Master-master asynchronous replication issue between two 5.6.24 PXC clusters

To meet the DR requirements for production, we have set up bidirectional master - master asynchronous mysql replication between two 3 node PXC clusters. binlog_format=ROW and log-slave-updates are set on each node.

The Server version: 5.6.24-72.2-56-log Percona XtraDB Cluster (GPL), Release rel72.2, Revision 1, WSREP version 25.11, wsrep_25.11

The asynchronous slave runs on node 3 in each cluster.

For instance:

cluster a is the slave of cluster b. The slave runs on node a3.
cluster b is the slave of cluster a. The slave runs on node b3.

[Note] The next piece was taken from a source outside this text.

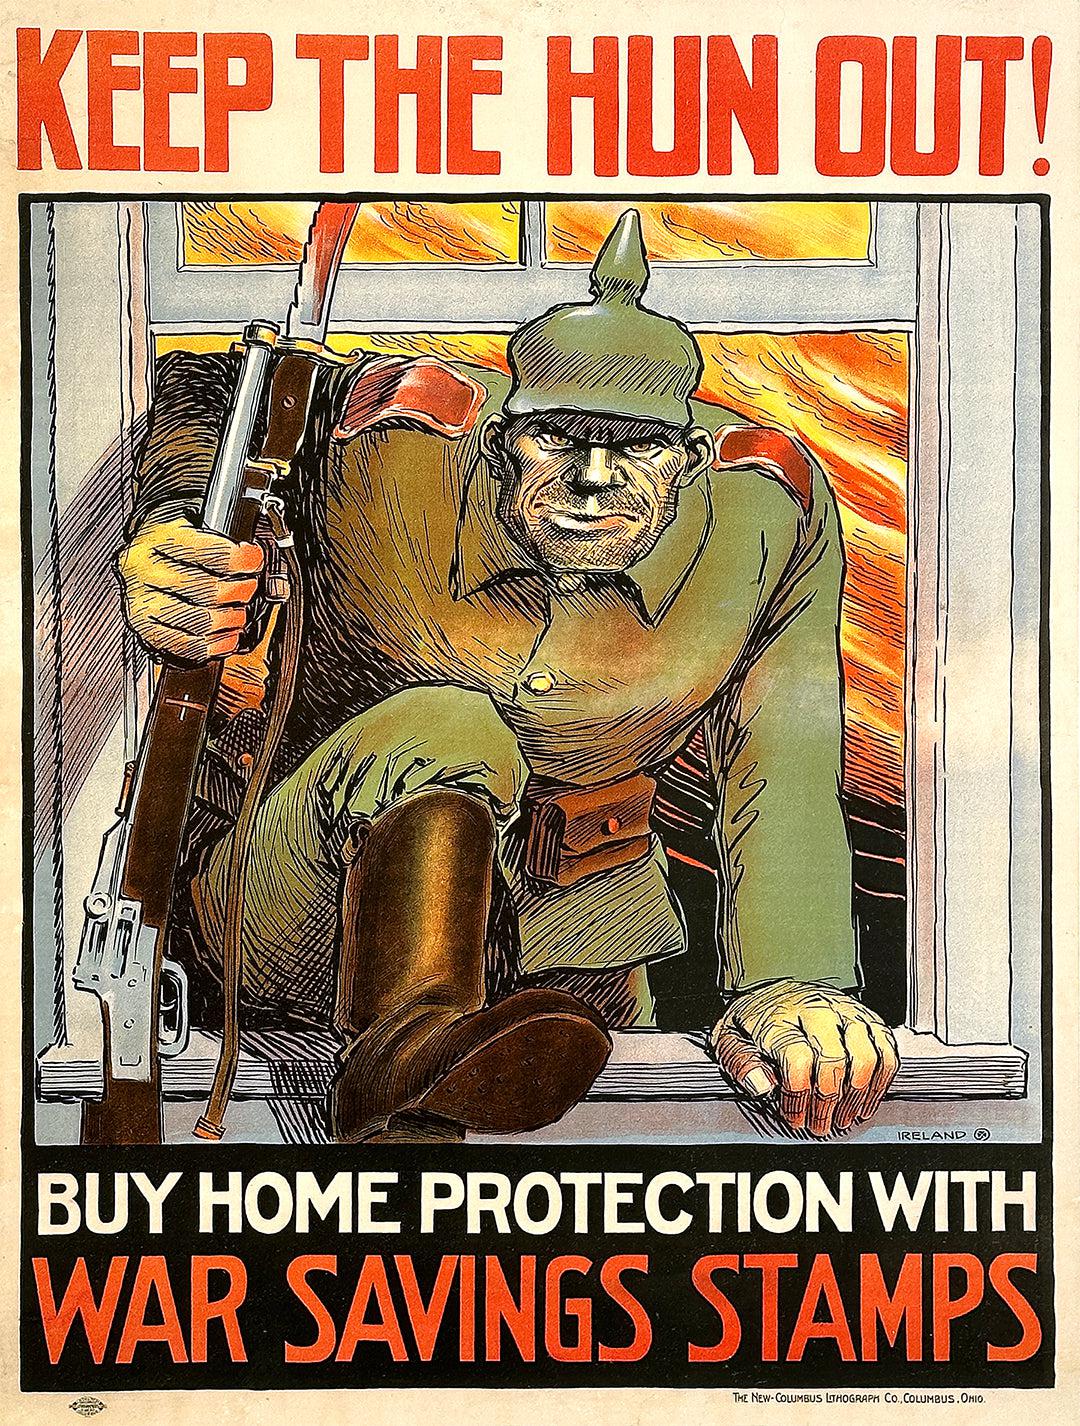 Original Vintage WWI War Savings Stamps Poster Keep the Hun Out by William  Ireland – The Ross Art Group

On cluster a, if a transaction is executed on node a3, where the asynchronous slave is running, it is replicated to a1 and a2 and cluster b without error. However, if a transaction is executed on a1 or a2, where no asynchronous slave is running, the transaction is replicated to the rest of nodes in cluster a and cluster b. But the asyncrhonous slave on a3 is stopped trying to replicate the same transaction again.

The same behavior is observedd on cluster b. If a transaction is executed on b1 or b2, the salve on b3 will stop failing to apply the duplicate transaction.

Is master - master asynchronous mysql replication supported between two PXC clusters?

What can we do to prevent the recursive replication?

Here are the examples of the slave errors:

2015-07-07 20:22:12 11098 [ERROR] Slave SQL: Error ‘Table ‘test’ already exists’ on query. Default database: ‘spxna’. Query: ‘create table test ( i int unsigned not null auto_increment primary key, j char(32))’, Error_code: 1050
2015-07-07 20:22:12 11098 [Warning] Slave: Table ‘test’ already exists Error_code: 1050
2015-07-07 20:22:12 11098 [ERROR] Error running query, slave SQL thread aborted. Fix the problem, and restart the slave SQL thread with “SLAVE START”. We stopped at log ‘spxus-slcprdmagdb03-master-bin.000002’ position 527

2015-07-07 20:39:10 12272 [ERROR] Slave SQL: Could not execute Write_rows event on table spxna.test; Duplicate entry ‘1’ for key ‘PRIMARY’, Error_code: 1062; handler error HA_ERR_FOUND_DUPP_KEY; the event’s master log spxus-slcprdmagdb03-master-bin.000003, end_log_pos 569, Error_code: 1062
2015-07-07 20:39:10 12272 [Warning] Slave: Duplicate entry ‘1’ for key ‘PRIMARY’ Error_code: 1062
2015-07-07 20:39:10 12272 [ERROR] Error running query, slave SQL thread aborted. Fix the problem, and restart the slave SQL thread with “SLAVE START”. We stopped at log ‘spxus-slcprdmagdb03-master-bin.000003’ position 408

Thanks.

So you are not using MySQL’s GTIDs, which would prevent such issue.
I think the problem is how the server_id variables are set across the nodes. I’d suggest to set server_id to one value on cluster A and different value on cluster B. All 3 nodes in the same cluster may have the same id.

Thanks a lot! Both solutions worked!

For 5.6, I am wondering if it is recommended to use GTID versus the log file position. If GTID is enabled, do we only need to run change master_host=new node in the cluster to switch the async slave to a different node in the cluster in the event of master node failure?
Is it allowed to use VIP for the master_host?

Thanks again.